▸ WHAT THE EXERCISE ASKS
In the entries that follow, the lines from the line containing "Free photo Henry" up to and including the line containing "amazing peaceful cottage" must be copied exactly, with pictures omitted.

-- EXTRACTED RECORDS follows --

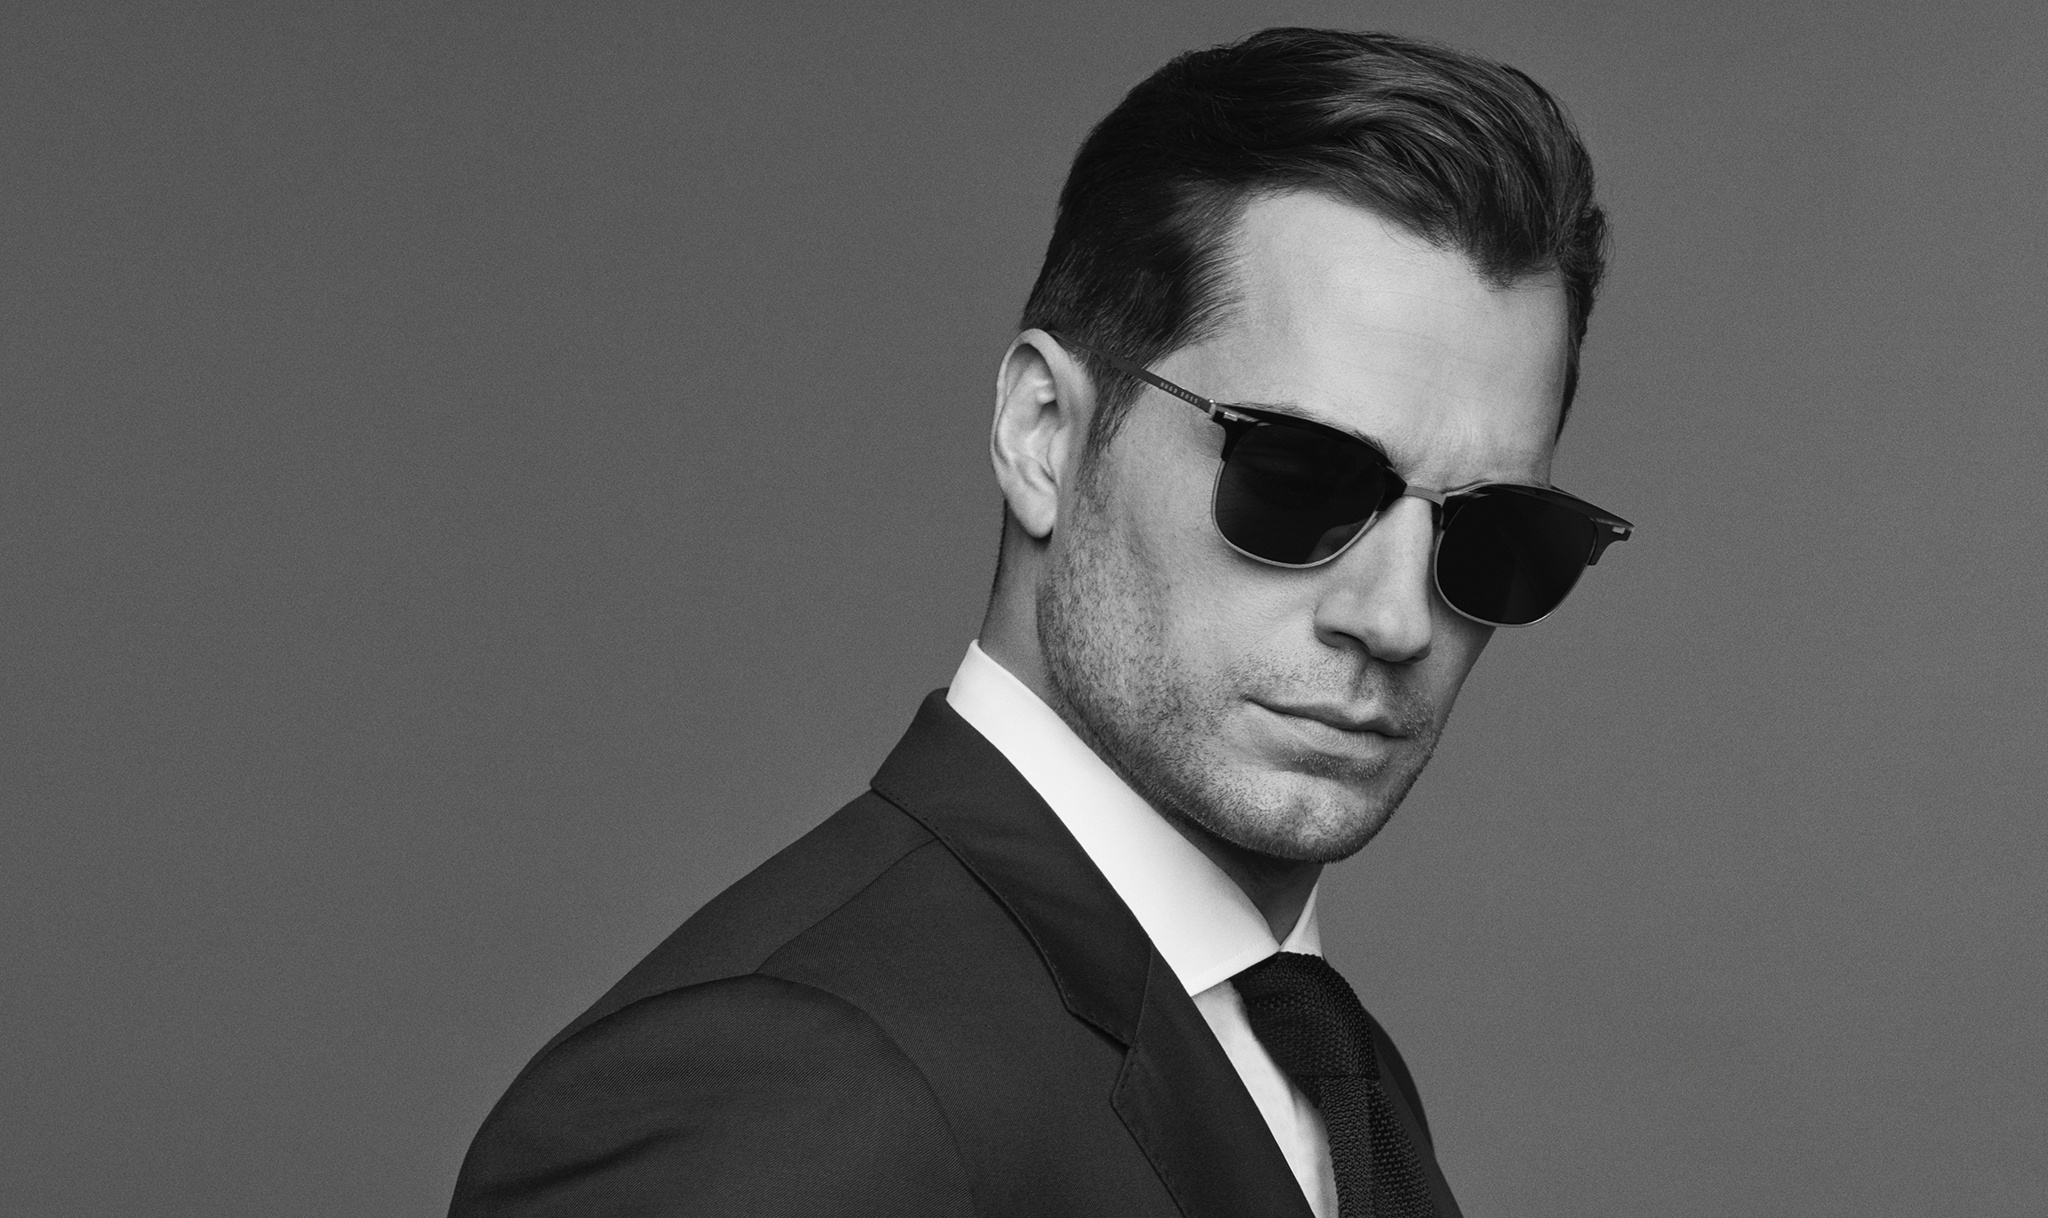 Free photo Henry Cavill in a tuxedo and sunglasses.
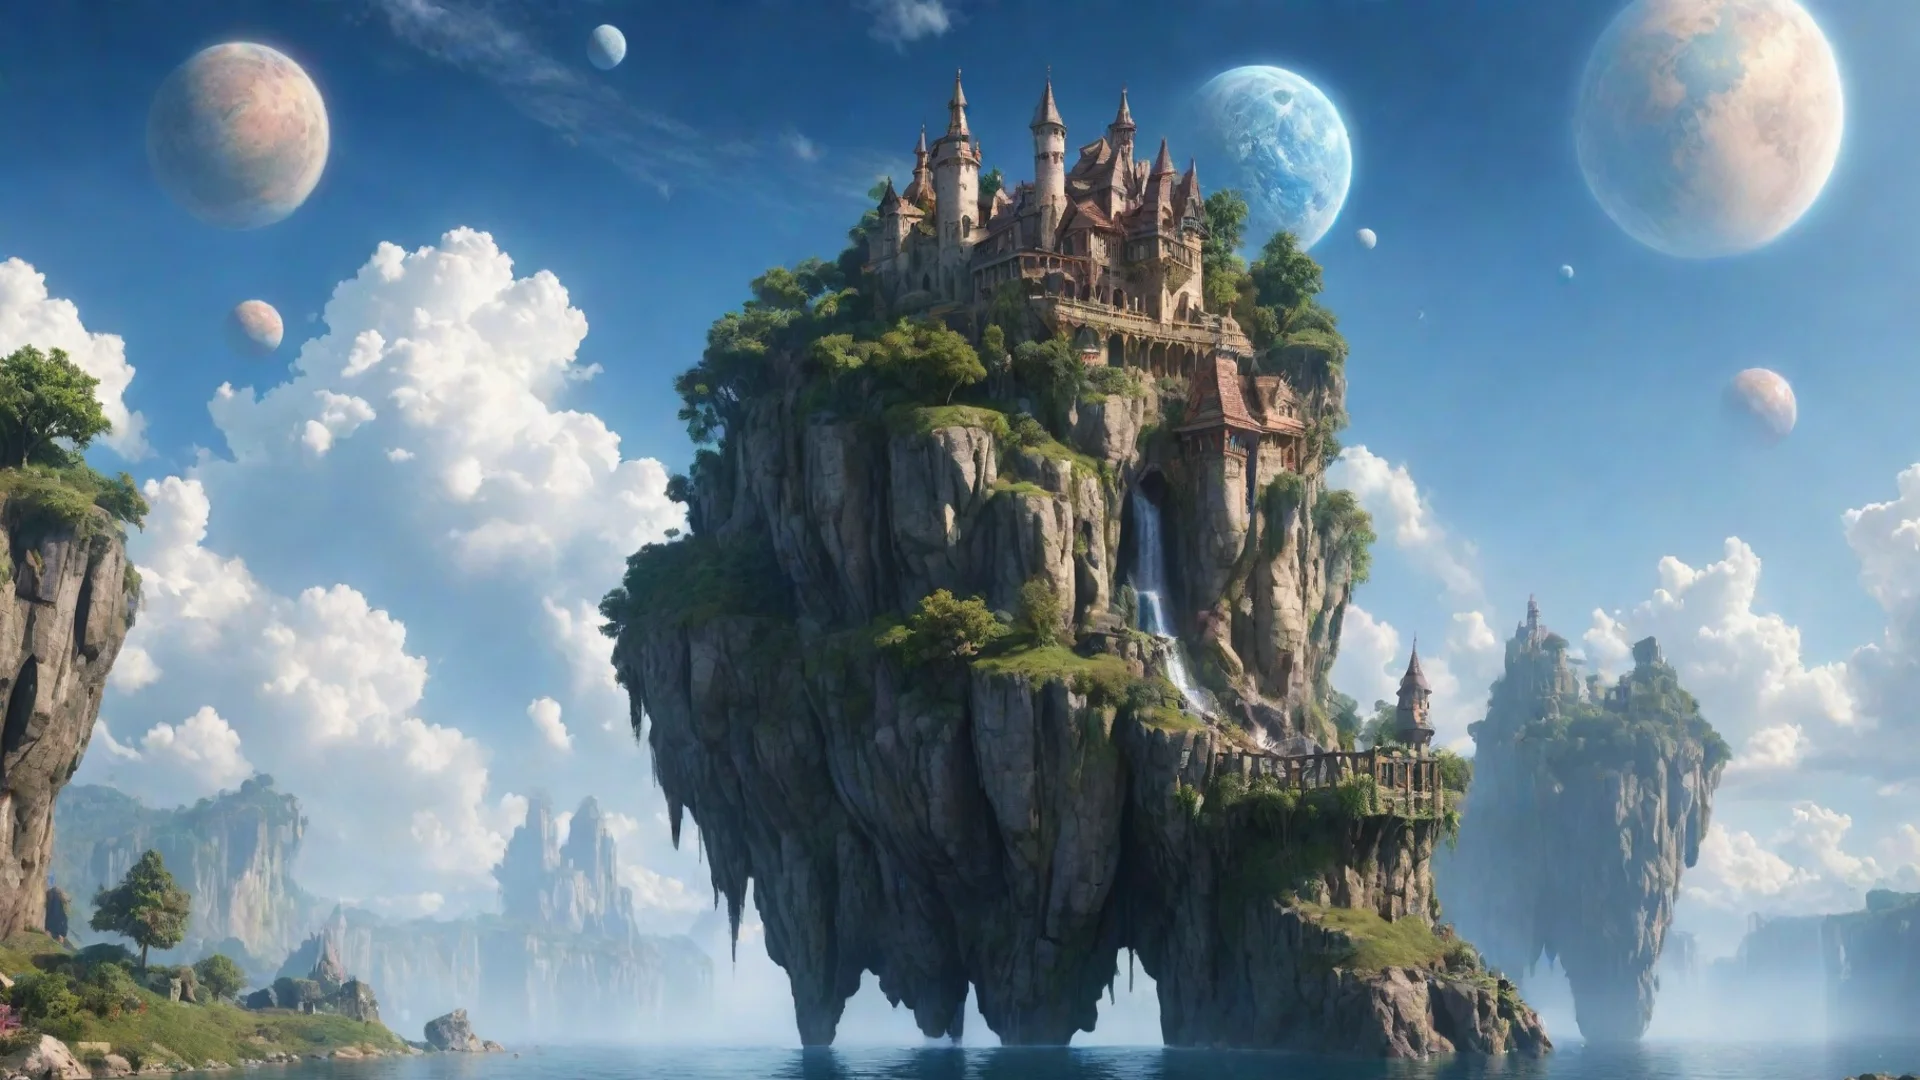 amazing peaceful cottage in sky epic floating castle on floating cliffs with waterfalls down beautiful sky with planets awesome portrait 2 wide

-- EXTRACTED RECORDS concluded --
-- EXTRACTED RECORDS follows --

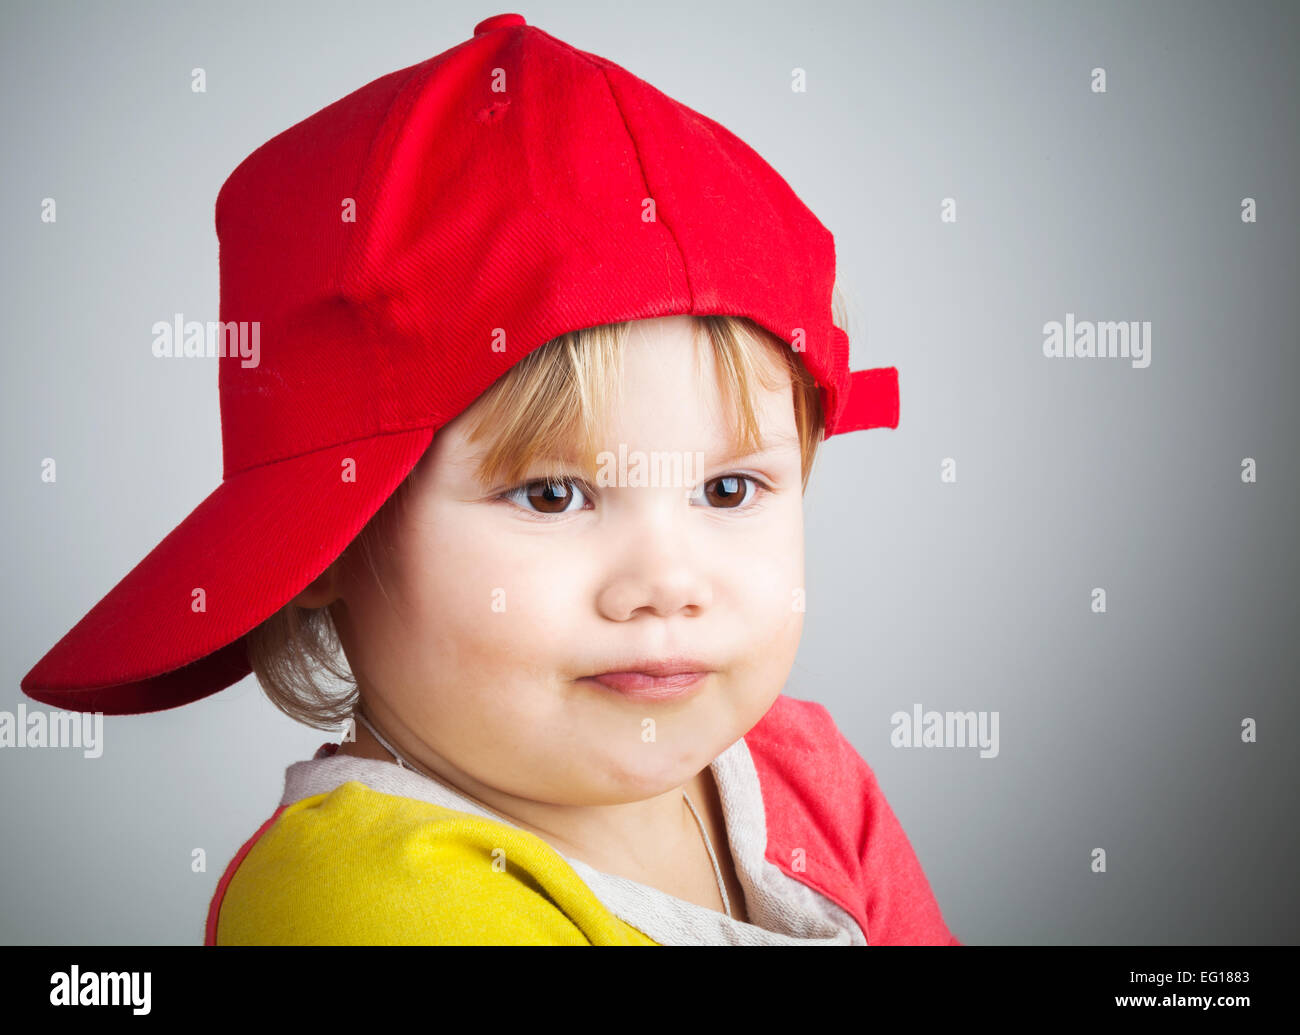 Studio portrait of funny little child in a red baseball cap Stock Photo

-- EXTRACTED RECORDS concluded --

▸ YOUR RESPONSE
 Free photo Henry Cavill in a tuxedo and sunglasses.
 amazing peaceful cottage in sky epic floating castle on floating cliffs with waterfalls down beautiful sky with planets awesome portrait 2 wide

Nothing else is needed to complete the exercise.